Melihat usulan pemerintah memberikan penetapan cukai minuman berpemanis dalam kemasan tersebut, sanggatlah naif jika tujuannya adalah untuk menekan atau mencegah penyakit diabetes.
Jika dilihat lebih dalam, tepatnya justru disebut sebagai "tambahan koin untuk meraih keuntungan" dari hasil minuman manis. Hal ini didukung oleh misi kesehatan, kemudian Joslin Diabetes Center Amerika pun akhirnya diresmikan sebagai pengampu fasilitas kesehatan pelat merah yaitu (RSCM) RS Cipto Mangunkusumo yang di tuntut sebagai penghasil “cuan” yang di sebabkan oleh status Badan Layanan Umum BLU), hal itu sejalan dengan UU Kesehatan berorientasi anggaran berbasis kinerja dan harus berpredikat World Class Hospital , standar penilaiannya tentu sangat kapitalistik.
Dari angka cukai yang diusulkan oleh pemerintah, tentu ini menggambarkan bagaimana negara kapitalisme saat ini menjalankan fungsinya saat bekerja, yakni salah satu pendapatan terbanyak negara adalah dari pajak/cukai.
Sehingga sangat jelas bahwa sebenarnya usulan pengenaan cukai MBDK itu hanya sebagai dalih semata pemerintah untuk menanggulangi kasus diabetes saat ini. Justru yang di cari hanya cuan dan koin untuk terus menambah pemasukan para pihak pemilik modal atau pihak swasta.
Selain itu pula, masyarakat perlu berpikir dengan kritis. Apakah dengan pengenaan cukai tersebut akan benar-benar menguntungkan atau merugikan masyarakat?. Dan apakah jika dikenakan cukai pada minuman manis, masyarakat akan berubah untuk tidak mengonsumsi minuman manis lagi?. Tentu adanya pajak/cukai ini bukan sebagai solusi dalam menekan atau mencegah kasus diabetes yang makin parah.

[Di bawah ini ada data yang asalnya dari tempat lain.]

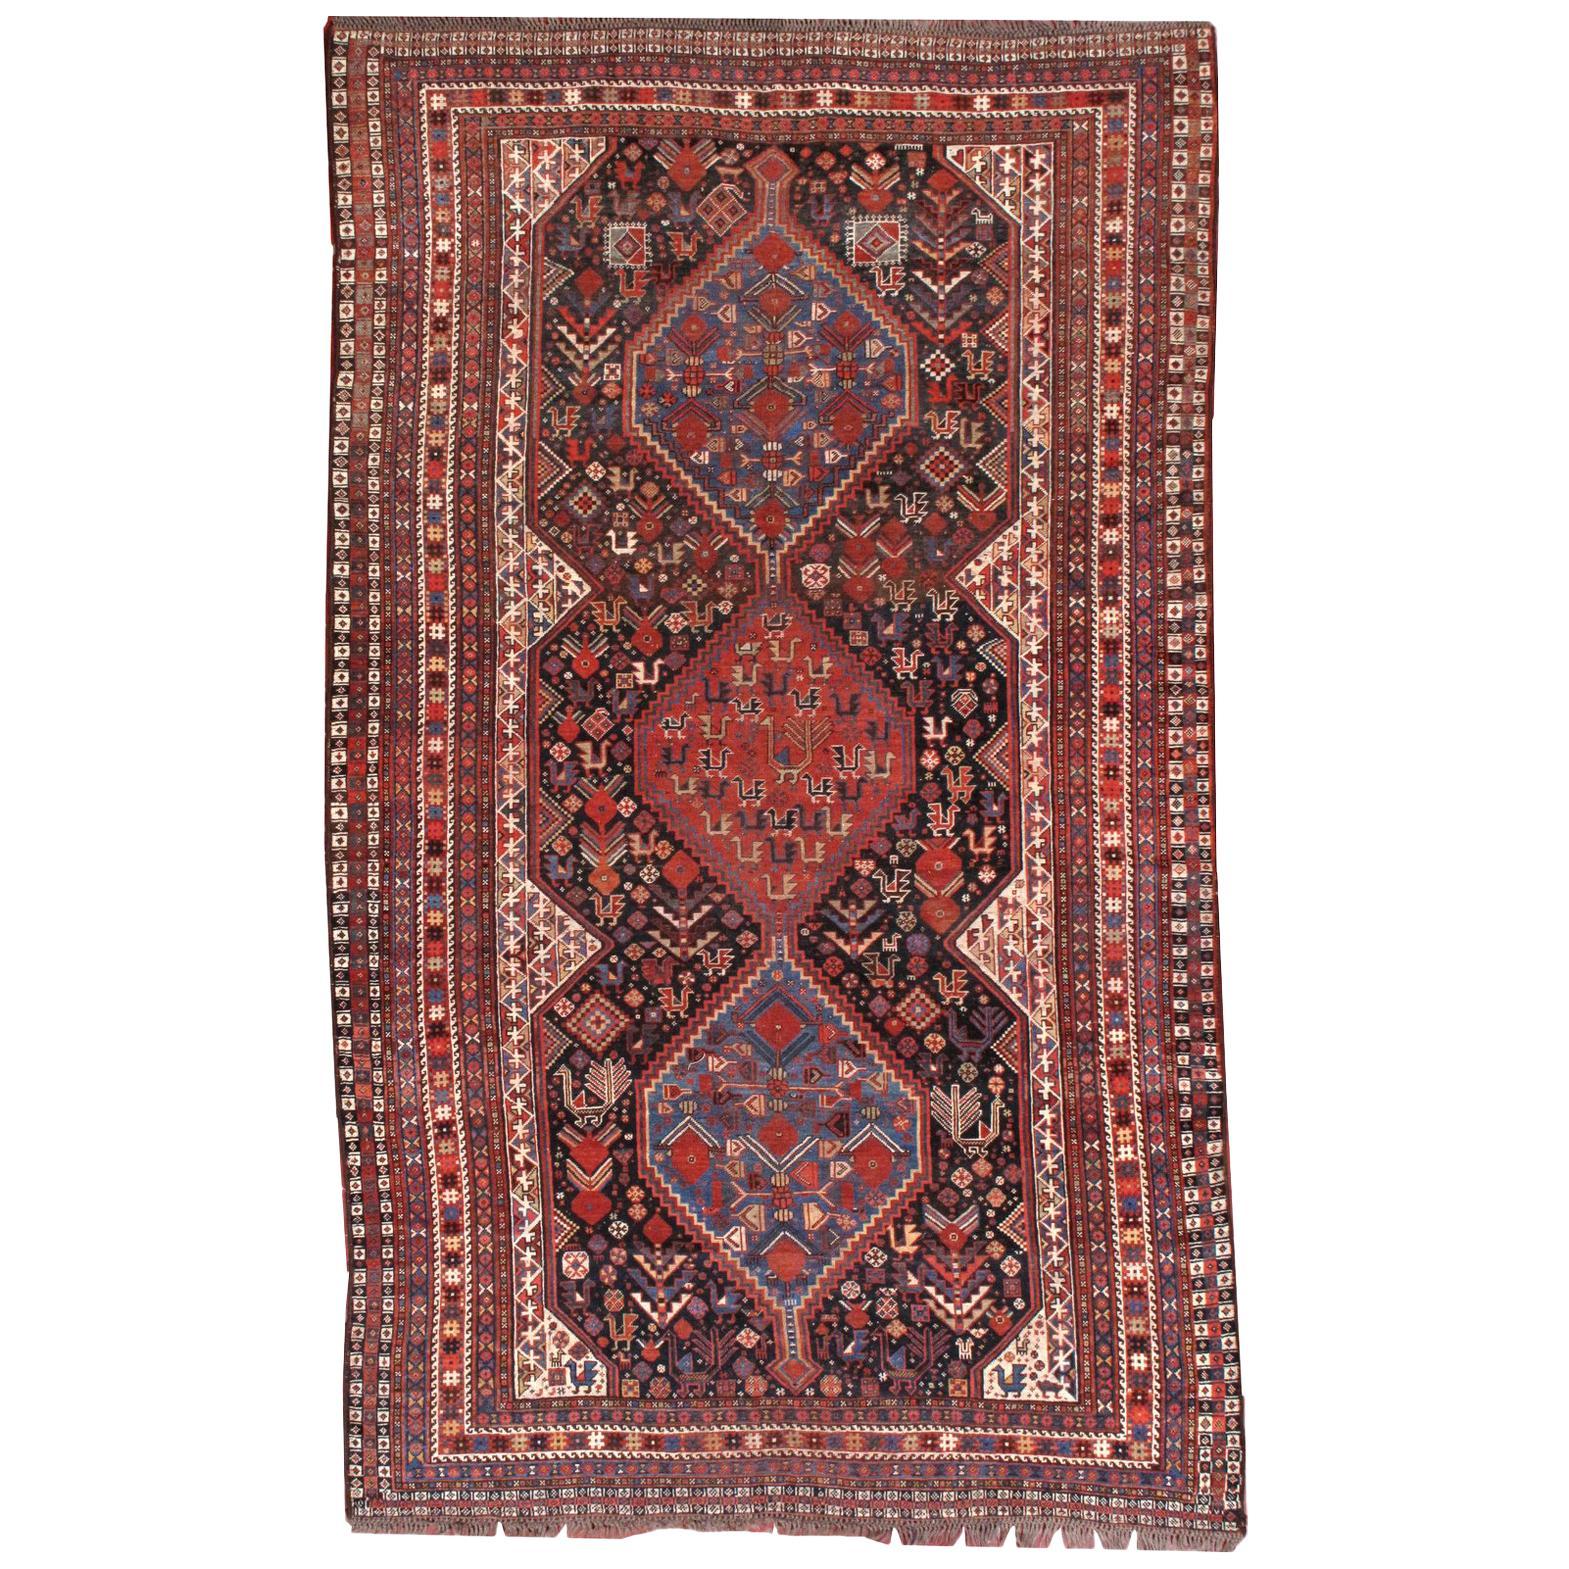 Handmade Antique Khamseh Style Rug, 1880s, 1B193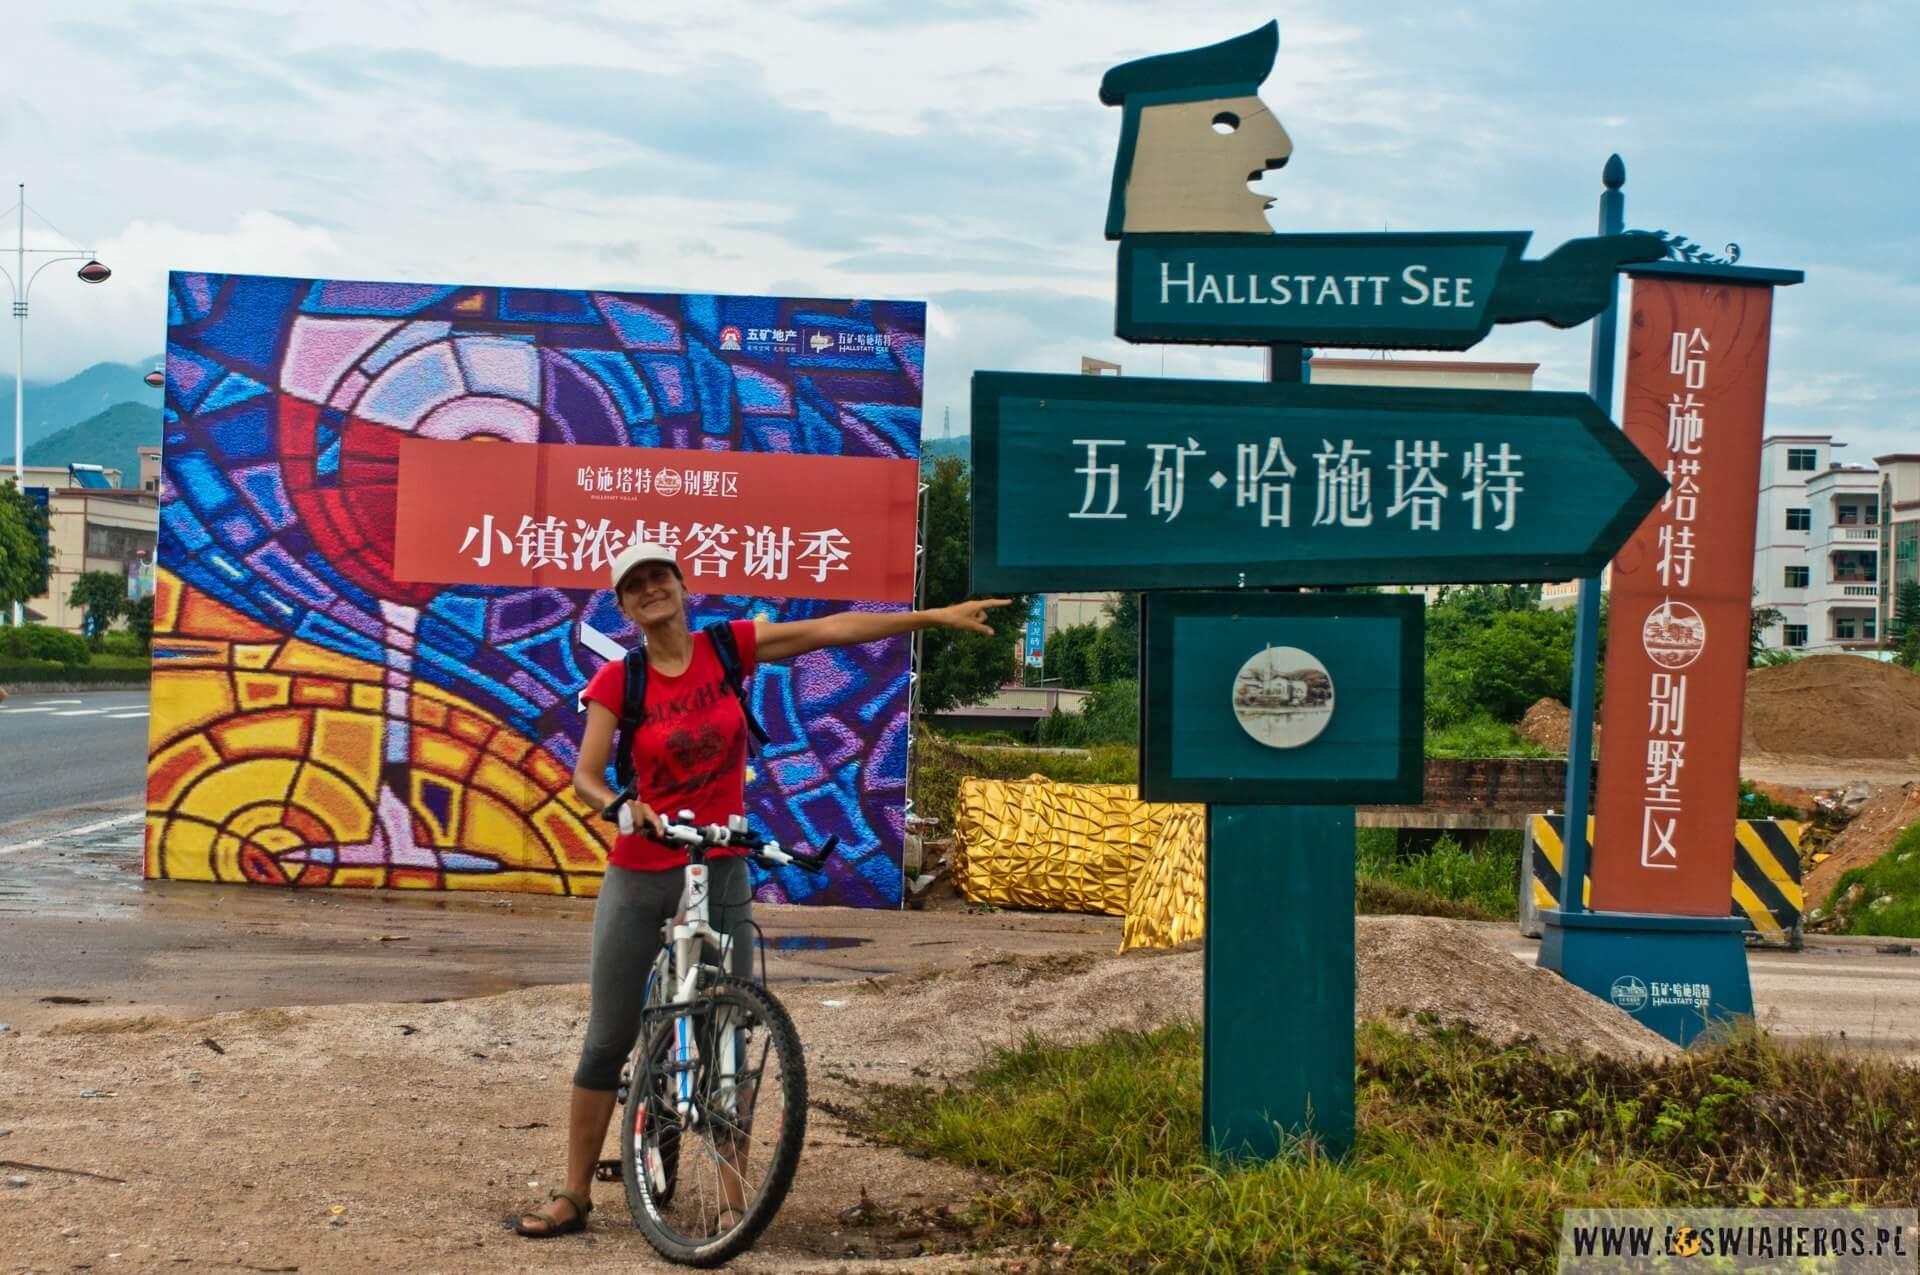 Chińskie miasto Hallstatt

Solusi untuk mencegah penyakit diabetes jelas membutuhkan upaya yang mendasar dan menyeluruh. Sehingga penerapan cukai pada minuman kemasan tidak akan menghalangi setiap masyarakat dalam mengurangi minuman yang manis.
Oleh karena itu, dalam kondisi tingginya kemiskinan dan rendahnya tingkat pendidikan dan rendahnya Literasi Kesehatan dan keamanan pangan, ternyata membuka celah munculnya minuman rasa manis di tengah-tengah masyarakat dalam jumlah yang tidak terkontrol.
Oleh karena itu, solusi pada kasus diabetes tidak akan terselesaikan jika usaha yang dilaksanakan adalah dengan penetapan cukai pada minuman manis atau mengurangi konsumsi gula, namun yang utama adalah bagaimana negara mampu menjalankan tanggung jawabnya terhadap rakyatnya sebagaimana yang diterapkan dalam negara Islam.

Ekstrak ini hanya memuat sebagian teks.